However, the South African Central Authority may withdraw its consent within 140 days of granting its consent if it is in the child’s best interest. The child with thereafter have to be returned to South Africa.
In circumstances where a parent wishes to relocate his/her minor child/children, there are specific laws that he/she will need to be aware of. Section 18 of the Children’s Act provides a guideline to parents’ rights and responsibilities in South Africa.
Section 18(3)(c)(iii) and(iv) states that, subject to subsections (4) and (5), a parent or guardian must provide consent for a child to leave the country or apply for a passport. Section 18(4) and (5) further state that when multiple guardians share responsibility for a child, each of them can, in line with subsection 5 and subject to other laws or court orders, independently carry out their duties or rights associated with guardianship without requiring the other’s consent. Further, unless directed by a competent court, the agreement of all guardians is required for decisions relating to the child.
In South Africa, common law provides a principle that the High Court of South Africa acts as an upper guardian of all children under the age of 18. Where all the required consent cannot be obtained, the parent/guardian seeking consent will then need to bring an application to the High Court of South Africa for an order dispensing with the consent of the other parent/guardian.
South Africa does not have legislative guidance on this issue. Courts mainly refer to previous child relocation cases to decide a matter. In Jackson v Jackson 2002, the court states that the standard principle in matters where children are involved is that the interests of the children are of great importance. The latter is evident from prior judgments and is enshrined in the Constitution of South Africa, wherein section 28(2) states that: “A child’s best interests are of paramount importance in every matter concerning the child.”
In addition to the latter, Section 9 of the Children’s Act provides that: “In all matters concerning the care, protection and well-being of a child the standard that the child’s best interest is of paramount importance, must be applied.”
The court, however, puts emphasis on the fact that although previous decisions grounded in different facts can offer valuable guidelines, every case should be determined based on its own set of facts. Additionally, in Wolter v Bensch 2015, the court compiled a list of guidelines which courts may follow. The guidelines are as follows.
Additionally, submitting a relocation application to the High Court also initiates the implementation of section 7 of the Children’s Act. This section outlines factors that must be considered when deciding what is most beneficial for the child.
Section 31 of the Children’s Act provides for any major decisions involving a child or children. Prior to making any decisions concerning a child for whom a person has parental responsibilities and rights, a person must take into account the child’s views and wishes, while considering the child’s age, level of maturity and developmental stage.
Similarly, in Section 10 of the Act, it provides that every child who possesses the necessary age, maturity and developmental level to engage in any relevant matter has the entitlement to participate appropriately, and their views must be duly considered.
However, the aforementioned statutory provisions do not mean that a child’s view must prevail, only that it must be taken into account if the preconditions for doing so are satisfied.

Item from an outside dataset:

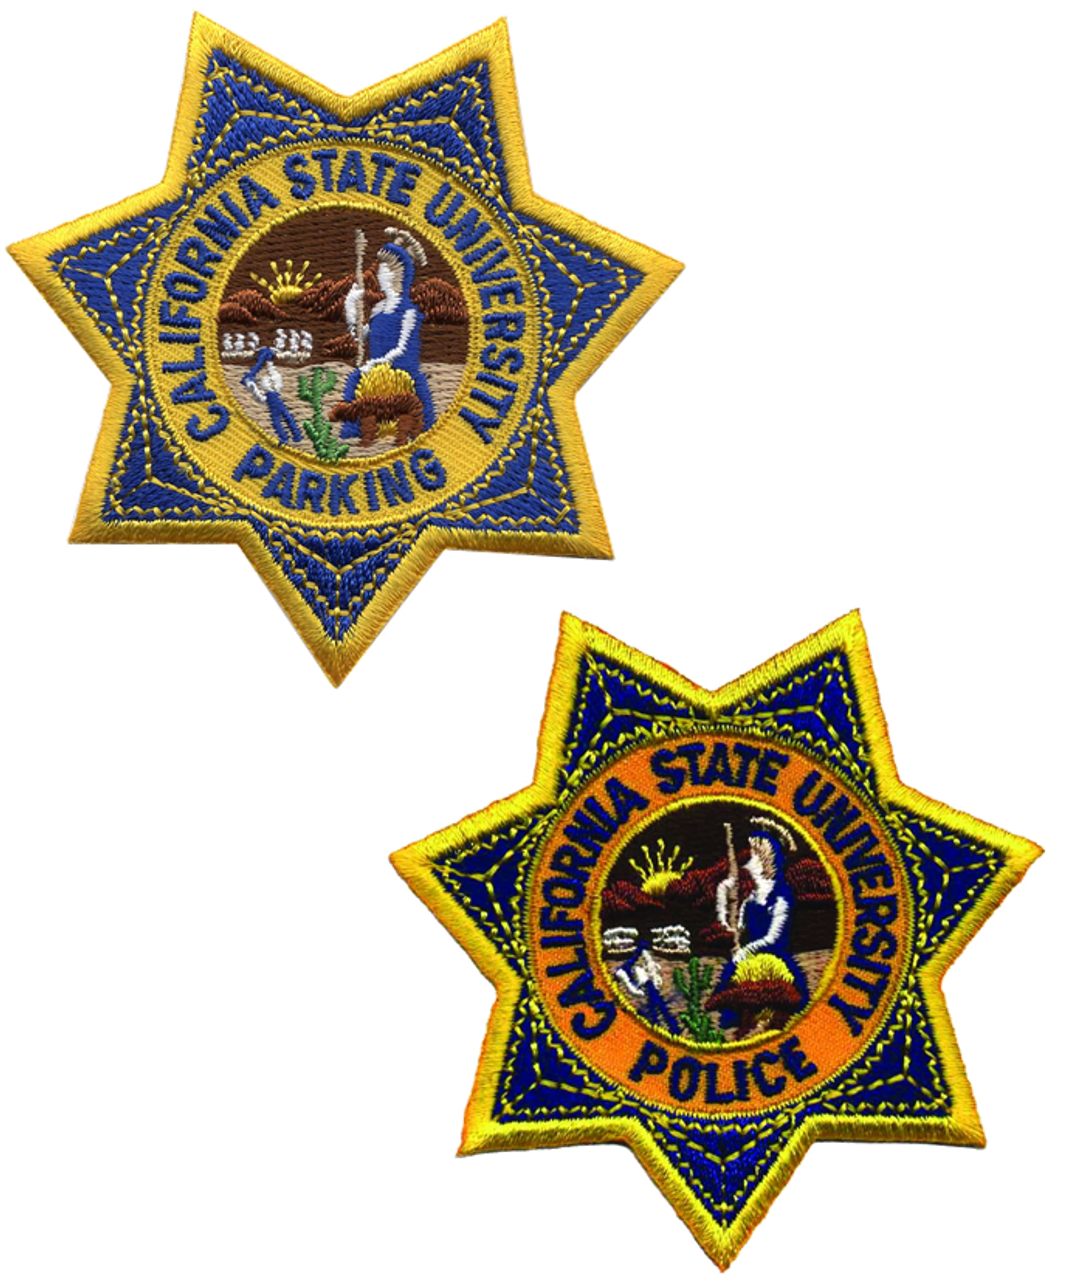 star police badge

More weight will be granted to the voice of the child depending on the age and maturity of the child. In HG v CG 2010 the court set out that the Children’s Act brought about a fundamental shift in the parent/child relationship, and not only did it vest a child with particular rights, but it also provided the child with an opportunity to take part in any decision affecting them. In the aforesaid case, the minor children were of an age and level of maturity (14 and 11 years of age) to make an informed decision, namely, to preserve the status quo of joint care by both parents and to reject relocation.
It is often recommended that siblings stay together, however, there are exceptions. In terms of Section 7(1)(d) of the Children’s Act, a court hearing an application for relocation will be required to consider how a child will be affected by separation from a parent and how a child will be affected by separation from a sibling.
In P v P, the court held that “although one must always think carefully about separating siblings, the infinite variety of circumstances and the overriding focus on the best interests of the children make it impossible to speak of a presumption one way or the other”. In the aforesaid case, the court found that splitting up the siblings was the option to be preferred where the older son relocated with his father and the younger daughters remained with their mother.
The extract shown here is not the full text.